London Travelogue, Part II: The Coriander buffet. YUM.

But after one palace, one museum, and a large buffet lunch, it was time for a thirty-minute walk back to the hotel for a much-needed nap.

London Travelogue, Part II: Hyde Park.

Once we were refreshed and showered, we had plenty of time until our 8 PM dinner reservation. We seized the moment and meandered through Hyde Park. The almost-setting sun and warm (by London standards) temps made for a beautiful stroll, and we were not alone. Families enjoying the summer afternoon packed the park.

London Travelogue, Part II: Hyde Park

Upon exiting Hyde Park, we walked through Kensington to Kitchen W8, the second (and still not the last) Michelin-starred restaurant of the trip. The casually elegant room evokes a laid back atmosphere and is thoughtful, and not at all fussy. Immediately upon being seated, our server brought over some black rice crackers and focaccia crackers with a corn mousse and tarragon oil. A good omen for things to come, though I skipped over the egg-laden mousse.

I started with heirloom tomato salad with gazpacho dressing and crostini topped with goat cheese and olives. A fresh tomato is truly a thing of beauty. If only all tomatoes tasted this good, it would be much easier to convince people to eat healthfully. The crostini seemed a little strange, served on a separate plate, nonetheless delicious. FKGuy enjoyed the crispy skin quail atop corn and mushrooms.  Yum.

London Travelogue, Part II: A seriously amazing tomato salad.

For my main, I chose ricotta gnocchi with corn, spiced, ground almonds, mushrooms and truffle cream, with something pickled. I didn’t really understand the pickled things, as they seemed a weird attempt at being overly fancy, but otherwise, it was absurdly good.

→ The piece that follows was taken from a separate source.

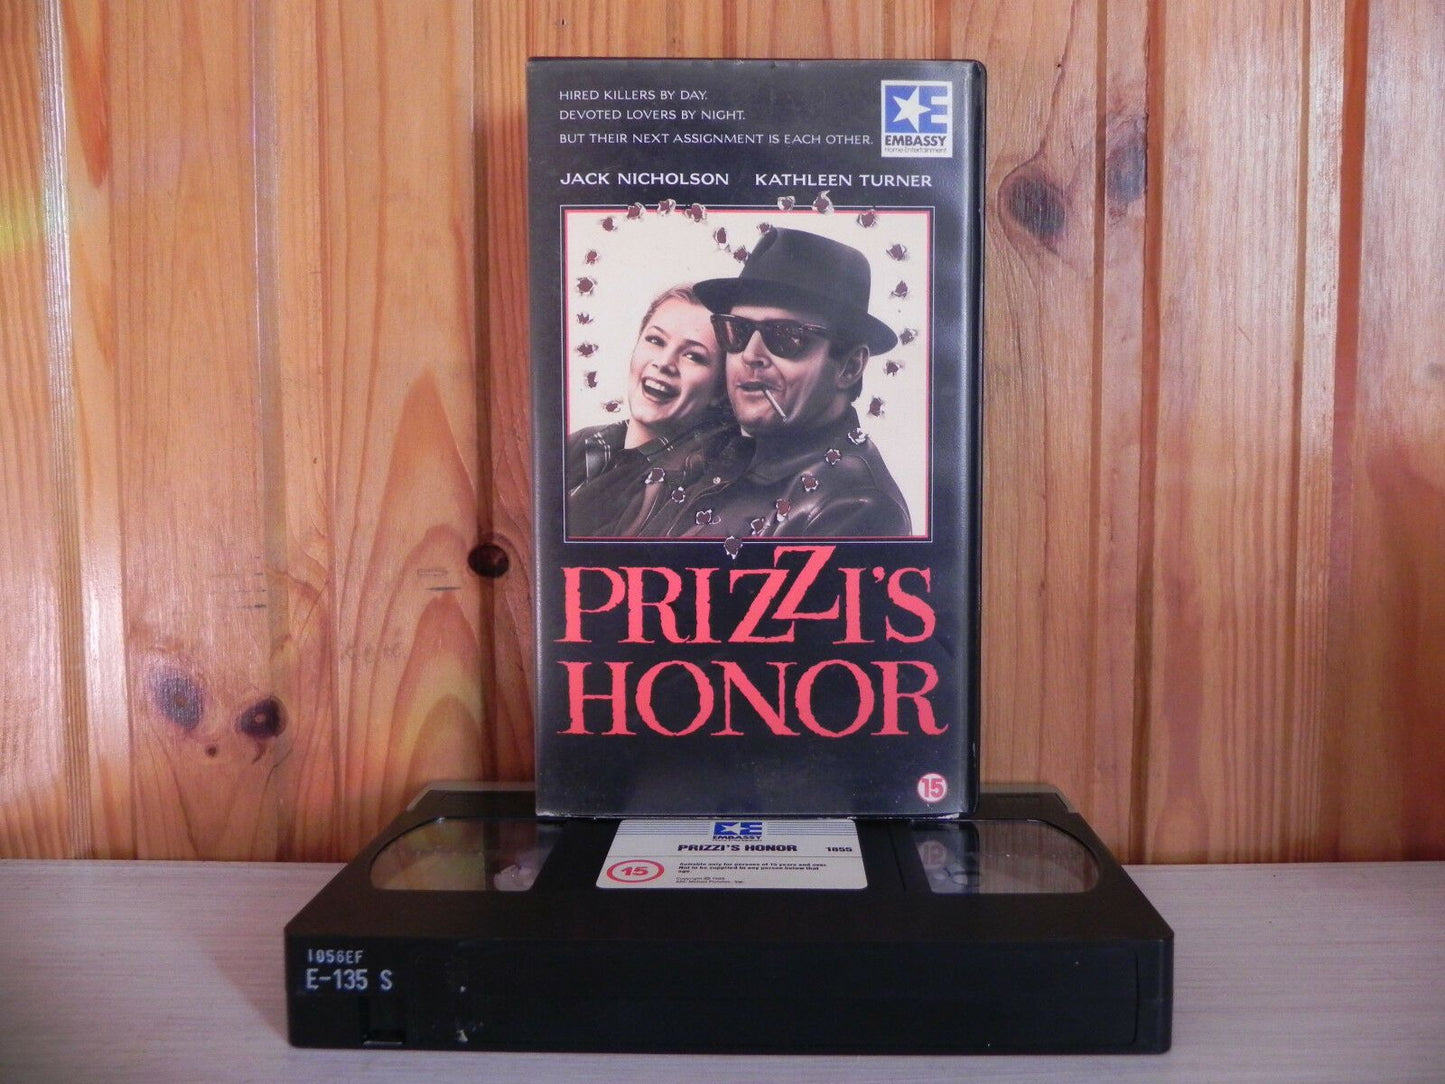 Prizzi's Honor - Jack Nicholson - Kathleen Turner - PreCert - Embassy 1855 - VHS-

FKGuy ordered a perfectly cooked halibut with mushrooms, potato, and lima beans. A gigantic portion of tastiness.

London Travelogue, Part II: Outstanding fish at Kitchen W8.

Kitchen W8 is a fabulous place, and the kind of place I would often go if we lived nearby. Sadly…

London Travelogue, Part II: Well prepared gnocchi are a thing of beauty.

Not quite ready to end our evening, despite Fitbit’s claim of walking over 23,000 steps, we found a piano bar, called Piano. The claustrophobia-inducing stairway gave way to a small bar with a handful of tables and a lively piano player and drummer. The loud crowd and fun cocktails made for a perfect end the evening. At some point, FKGuy reported there was a woman at the bar with a chihuahua. Naturally, I had to say hello to the dog, as we were already missing our little furballs. Turns out, it was not a dog at all. Instead, it was a cat. On a leash. Eating treats. Feeling like I must have hallucinated the entire thing (I didn’t), it was time to grab an Uber and make our way back to the comfort of Dukes Hotel.

Another spectacular day in London, and there was still more to come.